Obama to meet Dalai Lama at White House on February 18

February 13, 2010

AFP
February 11, 2010

WASHINGTON - US President Barack Obama risked
angering China by announcing Thursday a meeting
next week with the Dalai Lama, just as he needs
Beijing's cooperation to pressure Iran over its nuclear ambitions.

Despite Chinese objections, Obama will meet the
exiled Tibetan leader in the Map Room at the
White House next Thursday, the president's
spokesman Robert Gibbs told reporters.

"The Dalai Lama is an internationally respected
religious leader. He's a spokesman for Tibetan
rights. The president looks forward to an
engaging and constructive meeting," Gibbs said.

Despite political pressure at home, Obama avoided
meeting the Dalai Lama when the Buddhist monk was
in Washington last year, in an apparent bid to
set relations off on a good foot with Beijing early in his presidency.

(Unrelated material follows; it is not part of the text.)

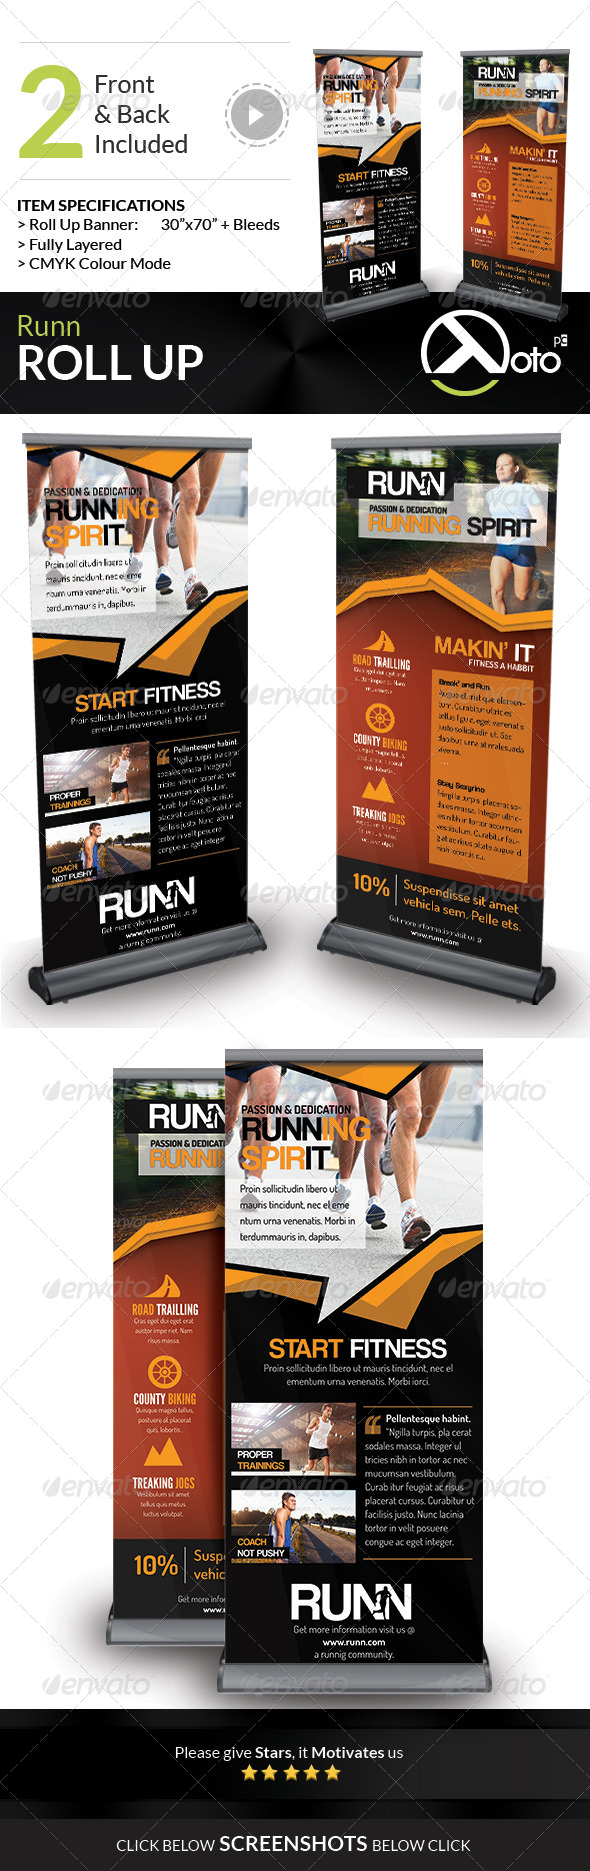 Runn Marathon Running Club Fitness Rollup Banners - Signage Print Templates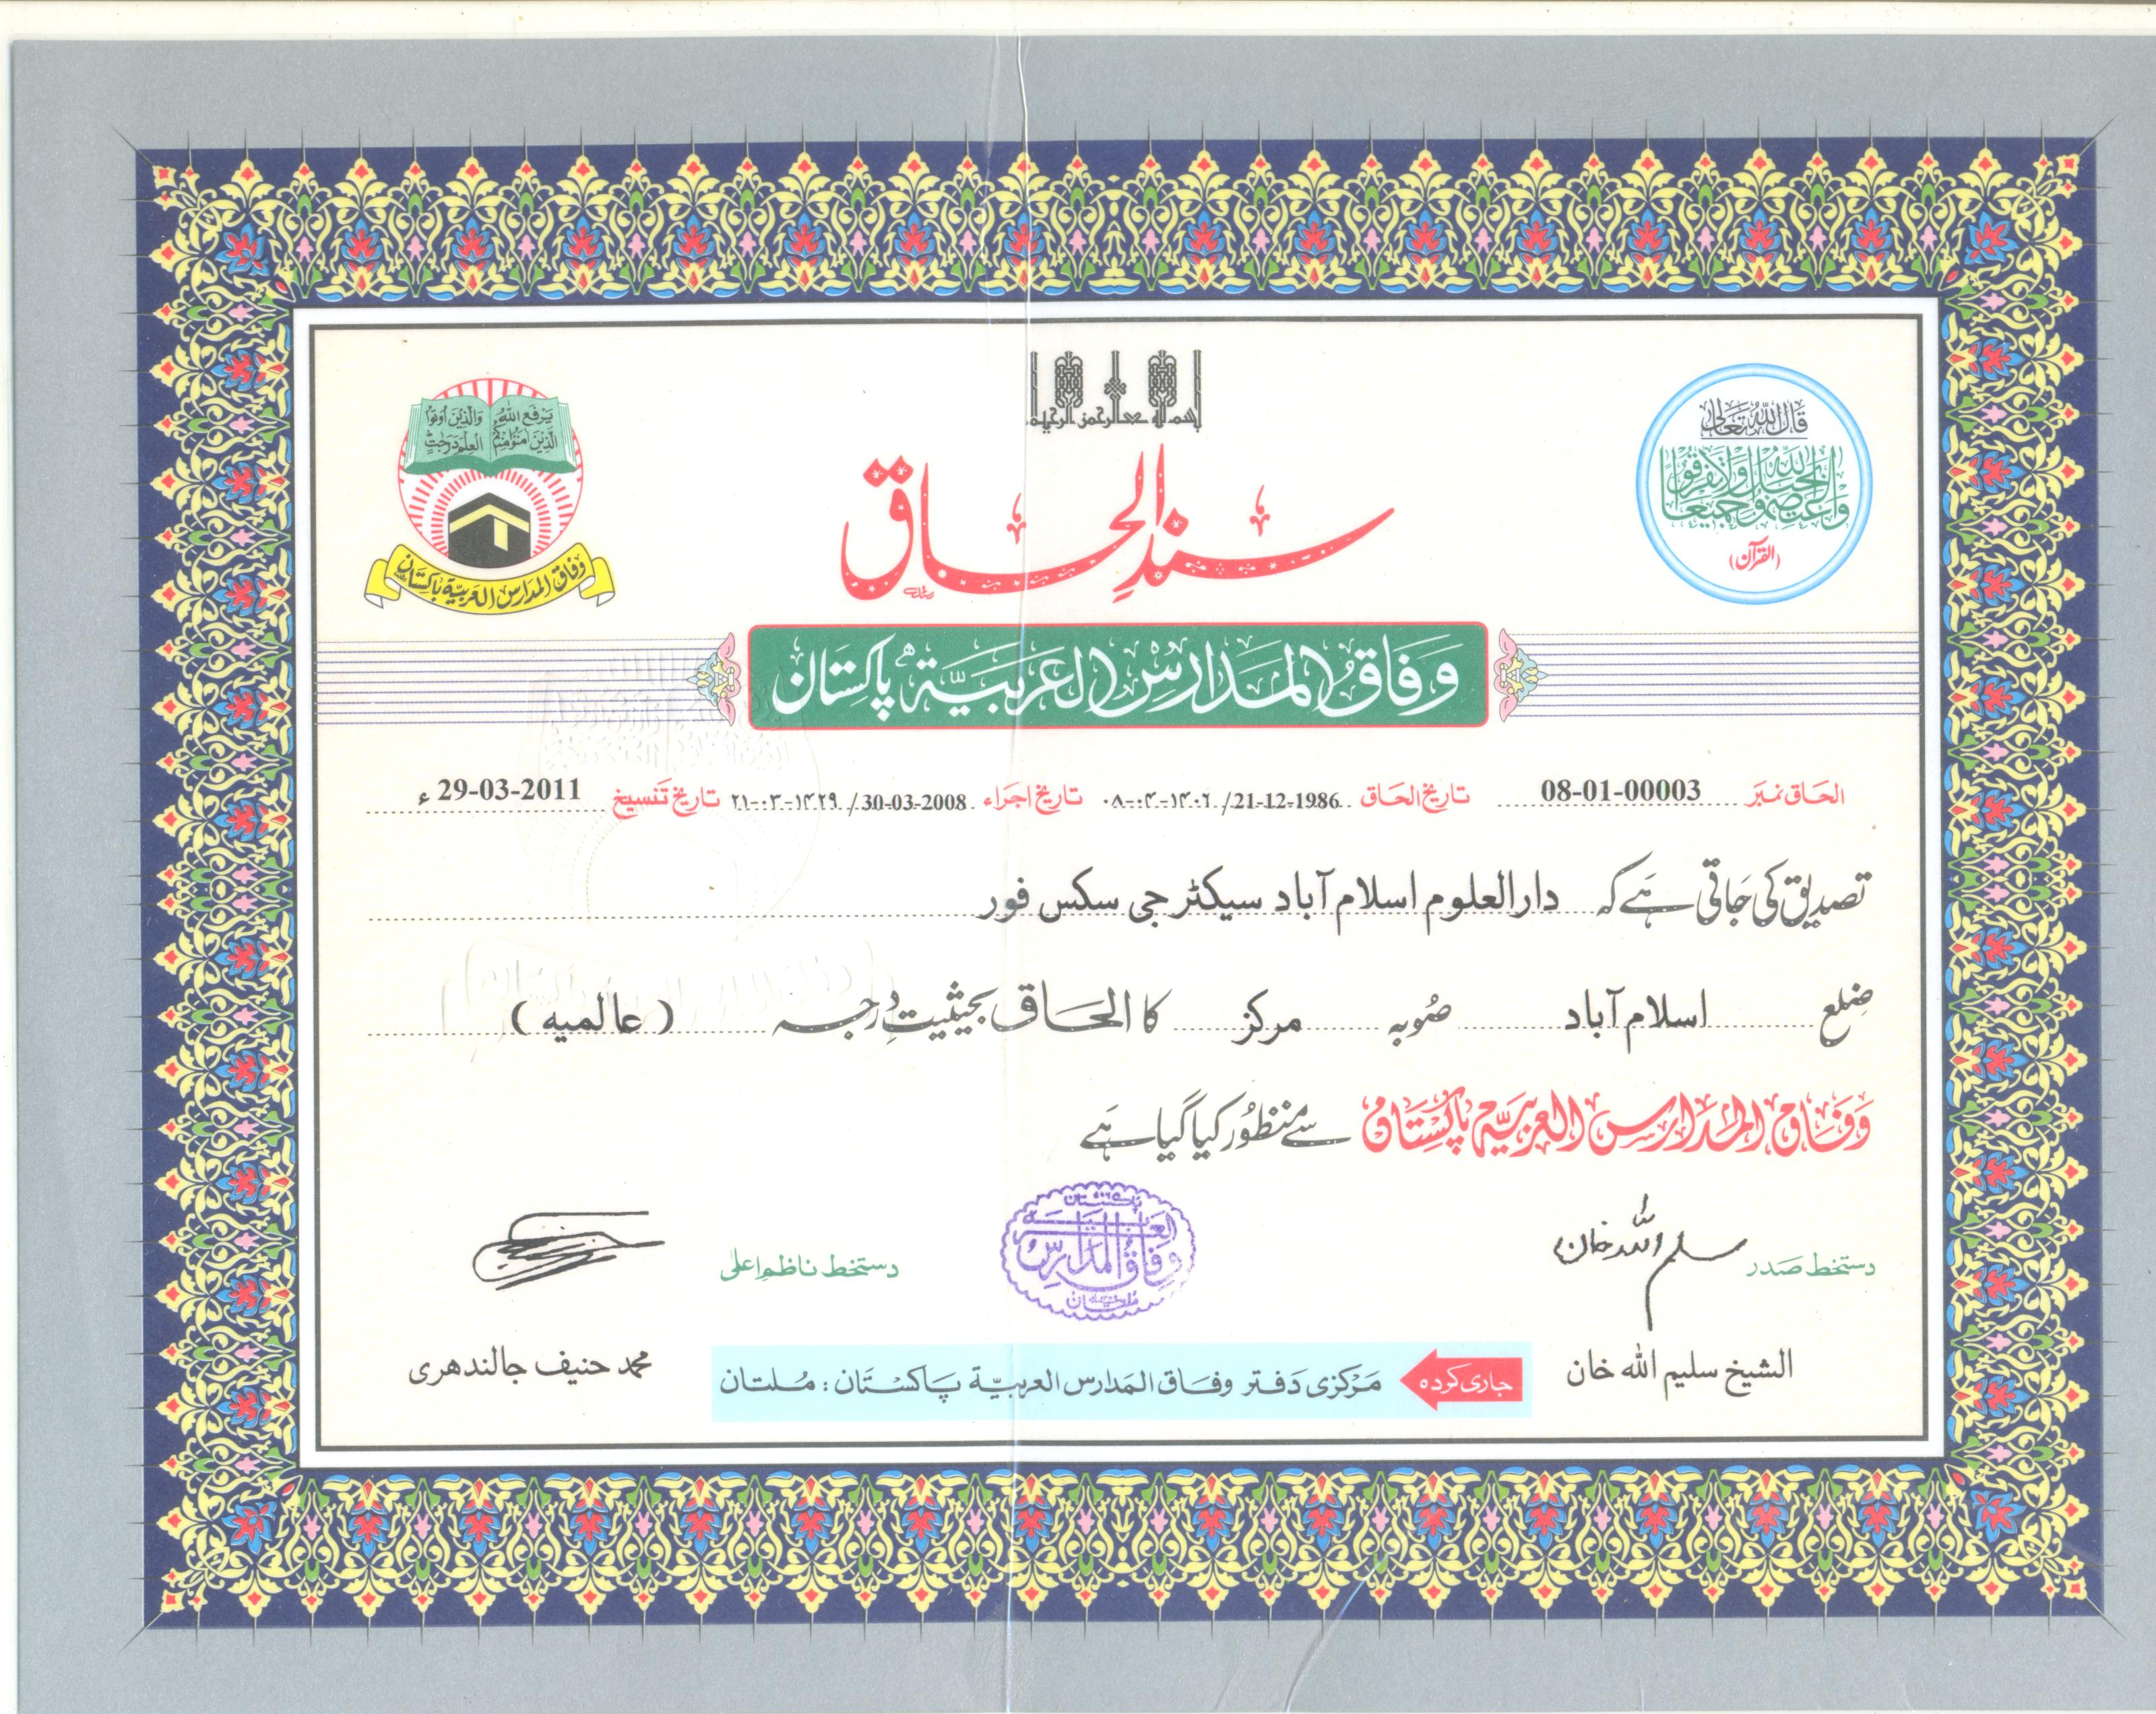 DARUL ULOOM ISLAMABAD (Regd.) » Important reading

Obama, however, told Chinese leaders during his
trip to Beijing in November that he planned to
meet with the Dalai Lama, who is widely respected
in the United States but branded a separatist by Beijing.

Next week's meeting comes at a time when
relations have already soured over the sale of a
6.4-billion-dollar package of US weapons to
Taiwan, which Beijing regards as a Chinese
territory to be reunified by force if necessary.

And Obama knows Chinese support is vital if he is
to succeed in winning united backing at the UN
Security Council for the tough regime of
sanctions he wants to impose on Iran for stepping up its suspect nuclear work.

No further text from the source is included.